* PROVIDED RECORDS
..........

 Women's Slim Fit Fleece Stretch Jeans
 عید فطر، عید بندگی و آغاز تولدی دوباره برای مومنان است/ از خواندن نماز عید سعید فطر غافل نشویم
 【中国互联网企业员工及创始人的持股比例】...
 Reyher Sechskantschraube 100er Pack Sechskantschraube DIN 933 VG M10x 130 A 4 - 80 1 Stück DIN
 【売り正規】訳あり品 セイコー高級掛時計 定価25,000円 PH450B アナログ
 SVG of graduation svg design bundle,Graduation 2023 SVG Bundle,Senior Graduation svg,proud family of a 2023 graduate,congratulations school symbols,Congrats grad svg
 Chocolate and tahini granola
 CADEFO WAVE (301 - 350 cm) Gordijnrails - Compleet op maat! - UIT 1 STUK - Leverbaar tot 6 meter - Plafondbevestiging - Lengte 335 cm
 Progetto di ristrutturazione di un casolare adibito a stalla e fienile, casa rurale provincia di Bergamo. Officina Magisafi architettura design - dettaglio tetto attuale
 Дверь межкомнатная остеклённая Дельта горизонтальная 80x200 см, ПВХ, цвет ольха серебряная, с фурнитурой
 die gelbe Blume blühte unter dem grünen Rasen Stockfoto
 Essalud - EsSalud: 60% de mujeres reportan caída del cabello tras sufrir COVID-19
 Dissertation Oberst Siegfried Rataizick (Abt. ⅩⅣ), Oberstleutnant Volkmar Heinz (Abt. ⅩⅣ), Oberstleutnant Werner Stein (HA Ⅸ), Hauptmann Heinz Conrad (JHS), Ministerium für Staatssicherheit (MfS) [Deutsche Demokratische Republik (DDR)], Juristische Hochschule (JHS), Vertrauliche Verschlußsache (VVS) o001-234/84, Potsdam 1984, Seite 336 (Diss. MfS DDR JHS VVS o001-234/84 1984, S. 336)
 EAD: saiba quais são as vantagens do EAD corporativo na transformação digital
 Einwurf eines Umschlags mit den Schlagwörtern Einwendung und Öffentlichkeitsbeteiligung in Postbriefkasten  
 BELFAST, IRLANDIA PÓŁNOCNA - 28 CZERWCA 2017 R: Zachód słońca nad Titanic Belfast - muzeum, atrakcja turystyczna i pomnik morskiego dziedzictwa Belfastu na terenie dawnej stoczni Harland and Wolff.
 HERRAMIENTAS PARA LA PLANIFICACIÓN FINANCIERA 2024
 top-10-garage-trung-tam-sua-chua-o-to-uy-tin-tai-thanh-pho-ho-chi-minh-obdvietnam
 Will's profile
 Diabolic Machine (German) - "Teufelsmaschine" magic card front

..........

* TASK DESCRIPTION
If a line in the entries contains the word "design", copy that line out.

* OUTPUT FOR THIS TASK
 SVG of graduation svg design bundle,Graduation 2023 SVG Bundle,Senior Graduation svg,proud family of a 2023 graduate,congratulations school symbols,Congrats grad svg
 Progetto di ristrutturazione di un casolare adibito a stalla e fienile, casa rurale provincia di Bergamo. Officina Magisafi architettura design - dettaglio tetto attuale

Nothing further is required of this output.